Você sabia que agosto é conhecido como o mês do cachorro louco? Dizem que, nesse mês, é comum os cães pegarem uma doença terrível, a raiva, que deixa vários animais, inclusive gatos, cavalos, bois, morcegos e até gente, doidinhos da silva! É verdade que não existe comprovação científica, mas alguns veterinários acreditam que a raiva realmente possa se espalhar mais facilmente nesse período por causa da maior quantidade de cadelas no cio. Na disputa pelo “amor” das cadelas, os cães acabam brigando, aumentando, assim, as chances de transmissão da doença.

Mas não pense que a raiva é transmitida somente nesse mês. Ela pode acontecer em qualquer época do ano. Por isso, os seus animais devem estar sempre com a vacina em dia. Aproveite a campanha de vacinação de cães e gatos, que acontece todo ano. Procure saber quando ela ocorre no seu município. Normalmente é entre os meses de agosto e setembro. A vacina é gratuita, portanto não deixe de levar o seu animalzinho! Para ficar imune à raiva, ele precisa ser vacinado anualmente.

Raiva: uma doença fatal

A raiva é uma doença infecciosa, aguda e mortal, transmitida entre mamíferos, inclusive ao homem, geralmente por mordida, arranhão ou lambida de um animal infectado. Ela é causada por vírus pertencentes à família Rhabdoviridae (do grego rhábdos, “vara”, “bastão”), do gênero Lyssavirus (em grego, Lyssa, “loucura”). Esses vírus estão presentes na saliva dos doentes e podem penetrar no organismo pela mucosa, como a da parte interna da boca, ou pela pele, através de corte ou ferida.

Ilustração: Barbara Mello

Ilustração: Barbara Mello

Tanto no homem quanto nos animais, a raiva é fatal em todos os casos – depois que surgem os sinais da doença, não há mais como reverter o quadro e a morte é certa. Daí a importância de vacinar, anualmente, os animais domésticos a partir de 45 dias de vida. A vacinação humana como medida preventiva só é indicada em caso de profissões de alto-risco, como veterinários, porque, além de a vacina ser muito cara, existe o risco de efeitos colaterais.

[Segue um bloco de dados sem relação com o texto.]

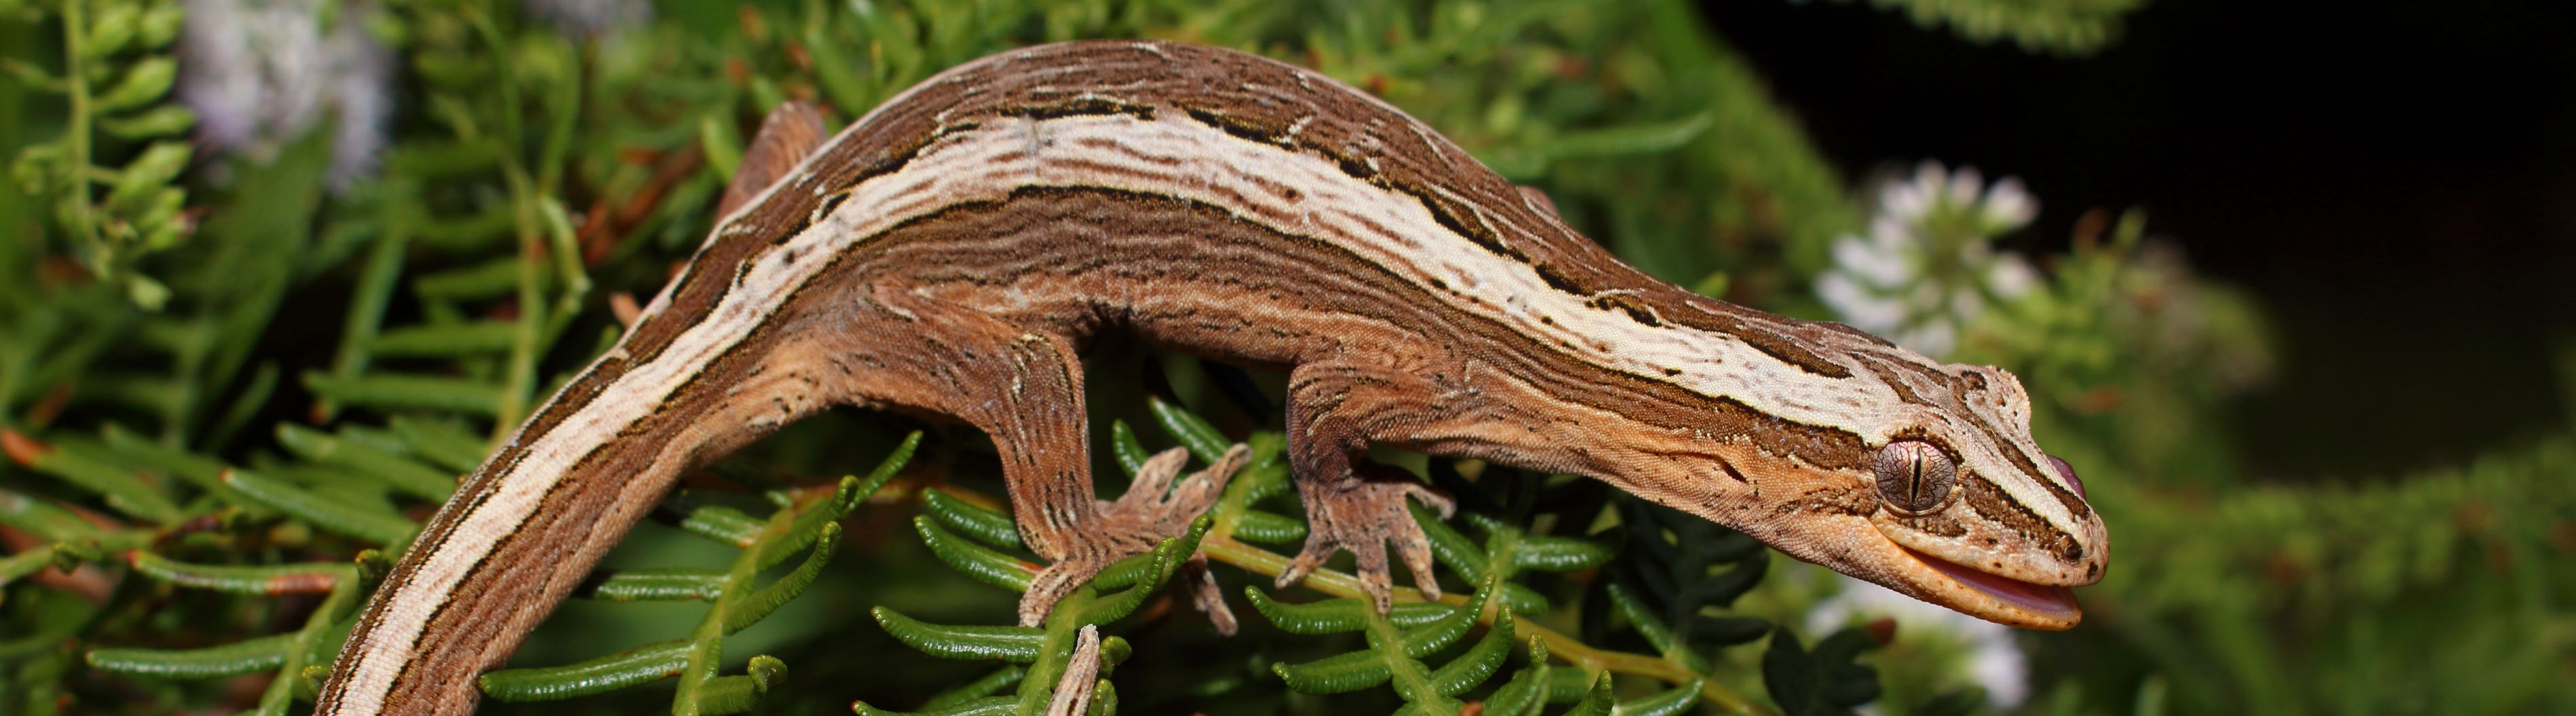 Southern striped gecko <a href="https://www.instagram.com/nickharker.nz/">© Nick Harker</a>

Phyllis Romijn, médica-veterinária da Coordenação de Vigilância Ambiental em Saúde do Estado do Rio de Janeiro, orienta que as pessoas também “respeitem o espaço dos animais”, ou seja, não se aproximem demais, principalmente, de cães e gatos desconhecidos e mamíferos silvestres, que podem transmitir a doença.

Mas se uma pessoa é mordida ou entra em contato com algum animal suspeito de raiva, ela deve procurar imediatamente um posto de saúde. Dependendo do caso, o médico poderá indicar a aplicação de vacina e anticorpos antirraiva. “Evitar que a doença se instale é a única forma de não ser acometido pela enfermidade”, explica Romjin, que é especialista em raiva. A boa notícia é que não é mais preciso tomar aquela quantidade enorme de injeções na barriga, como acontecia antigamente: “As medidas preventivas já evoluíram bastante”, acrescenta.

Eliminada em alguns países desenvolvidos, a raiva ainda faz vítimas no Brasil. Dados do Ministério da Saúde revelam que o número de casos de raiva humana, no país, tem aumentado nos últimos anos. Em 1980, tinham sido notificados 173 casos e, desde então, o índice vinha caindo, até baixar em 2001 para apenas dez. Em 2005, no entanto, o número subiu para 44.
 
Atualmente, surtos de raiva na América Latina também tem preocupado autoridades e a população em geral. Somente em Santa Cruz, na Bolívia, foram identificados mais de 500 focos da doença desde o início de 2006.

Há pouco tempo, um menininho boliviano morreu de raiva, depois de ser mordido pelo seu próprio cachorro. Ao invés de observar o comportamento do animal, a família deu o cão. Passado um certo período, ele apresentou os sintomas mais tristes da doença: atacou e mordeu o pescoço de um coleguinha numa brincadeira. O amigo, porém, foi vacinado e se salvou.

Principais transmissores

Ilustração: Barbara Mello

Ilustração: Barbara Mello

O cão e o gato são os principais transmissores da raiva para o homem nos ambientes urbanos. Mas todos os mamíferos, inclusive os silvestres, podem contrair a raiva, sendo, portanto, potenciais transmissores da doença.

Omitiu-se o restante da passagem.